A fellow MKV GLI owner:wave:. I can say from personal experience that The Continental DW summer tire is an excellent tire for the money. The Dunlop SP Sport Maxx GT tire is pretty good from what I heard too. You should check out The Tire Rack website.


----------



## 1986 jetta gli (May 1, 2004)

The jetta is salsa red i am having the oz cronos refinished repainted to a darker gray maybe gunmetal color.. 
Can anyone suggest the color that i should choose for painting the wheels?

Gunmetal? 
Satin black?
Any photos appreciated as well..


----------



## 1986 jetta gli (May 1, 2004)

The jetta is salsa red i am having the oz cronos refinished repainted to a darker gray maybe gunmetal color.. 
Can anyone suggest the color that i should choose for painting the wheels?

Gunmetal? 
Satin black?
Any photos appreciated as well..


----------



## 1986 jetta gli (May 1, 2004)

*Hub Centric Rings???*

What size Hub Centric Rings do i need to fit these OZ RACING 18' CRONO'S ON MY MK5 JETTA GLI?


----------



## [email protected] (Apr 9, 2008)

1986 jetta gli said:


> What size Hub Centric Rings do i need to fit these OZ RACING 18' CRONO'S ON MY MK5 JETTA GLI?
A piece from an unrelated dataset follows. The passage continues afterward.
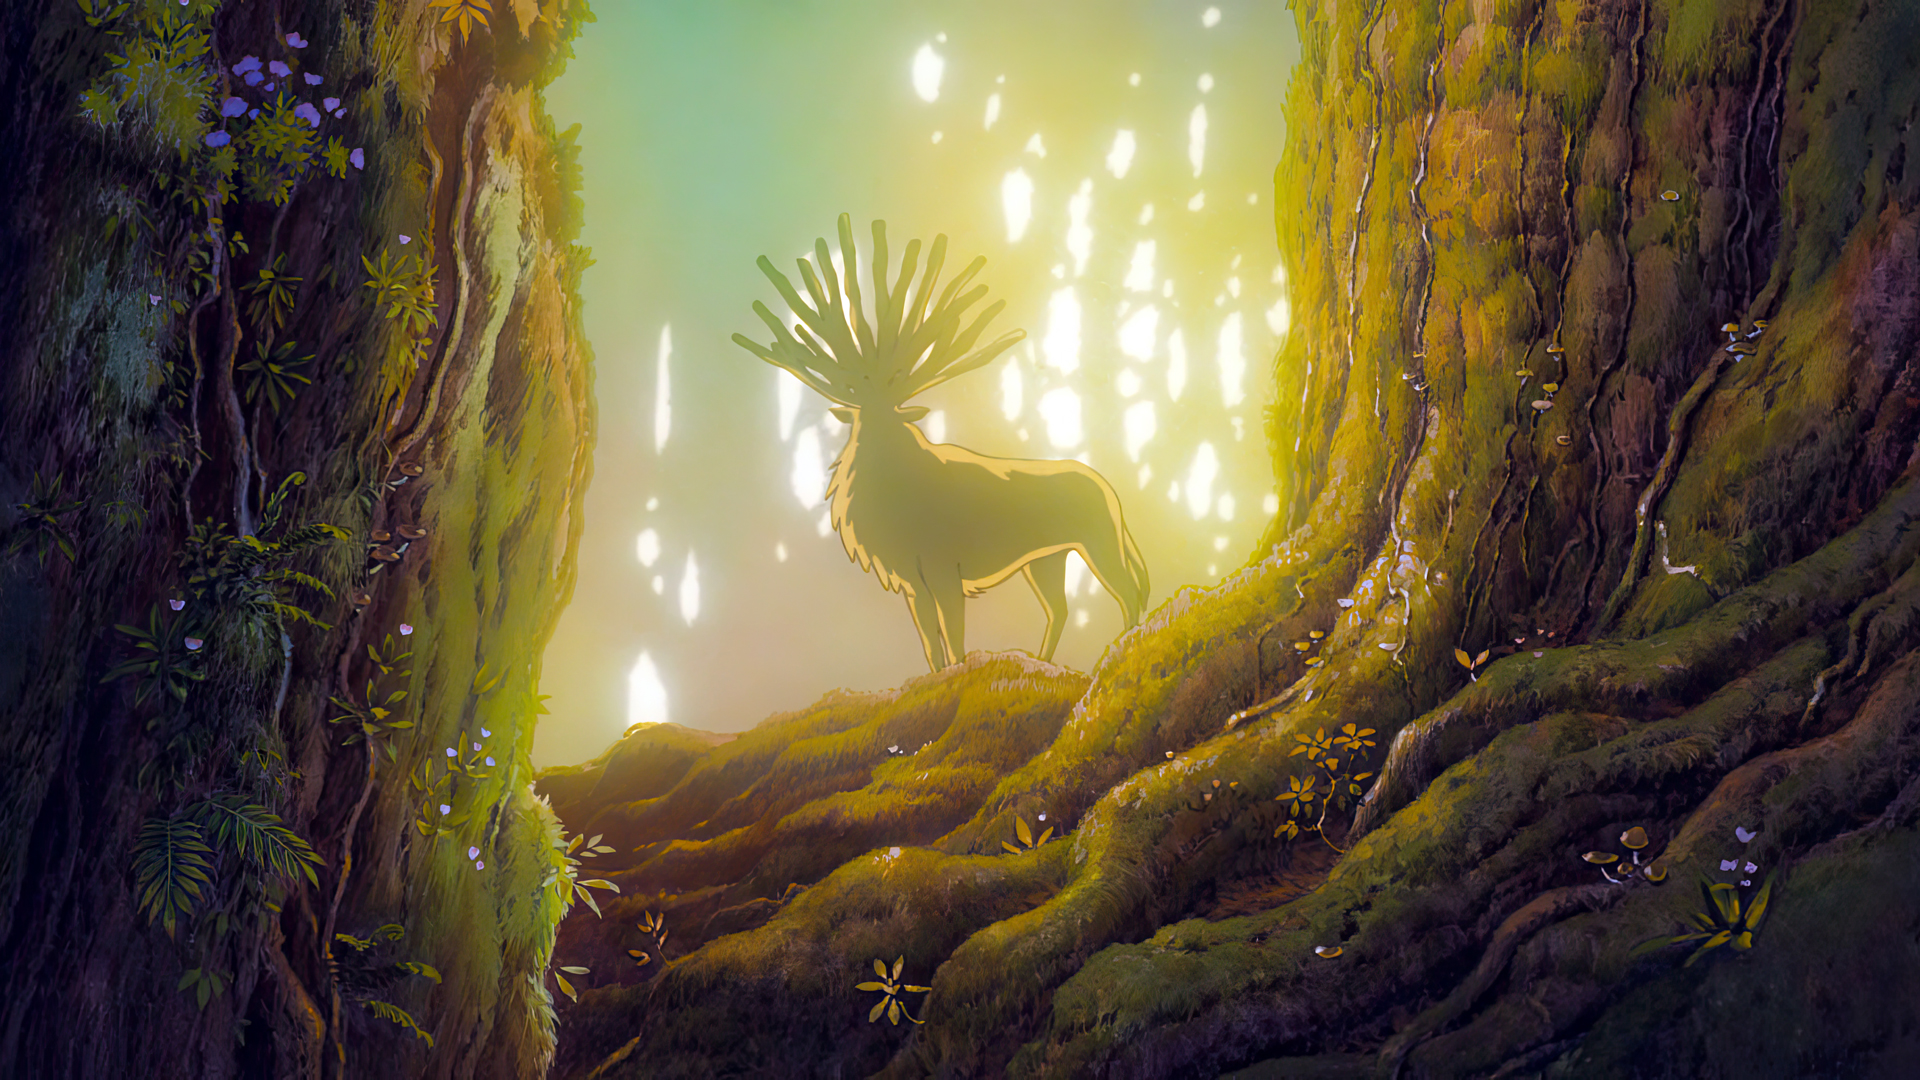 Anime 1920x1080 Princess Mononoke animated movies film stills anime animation trees forest roots Forest Spirit Shishigami Deer God Studio Ghibli Hayao Miyazaki

You'll need to have the centerbore measured to be on the safe side. The wheel is no longer in our database, so we don't have any specs.


----------



## 1986 jetta gli (May 1, 2004)

i am having the wheels powdercoated satin black, any suggestions what to do with the center caps?
i will also need a set of lug nuts to match all 4 satin black ozs, where should i order those? what size lug nuts should i look for for these oz crono evolution wheels?


----------



## 1986 jetta gli (May 1, 2004)

i am having the wheels powdercoated satin black, any suggestions what to do with the center caps?
i will also need a set of lug nuts to match all 4 satin black ozs, where should i order those? what size lug nuts should i look for for these oz crono evolution wheels?


----------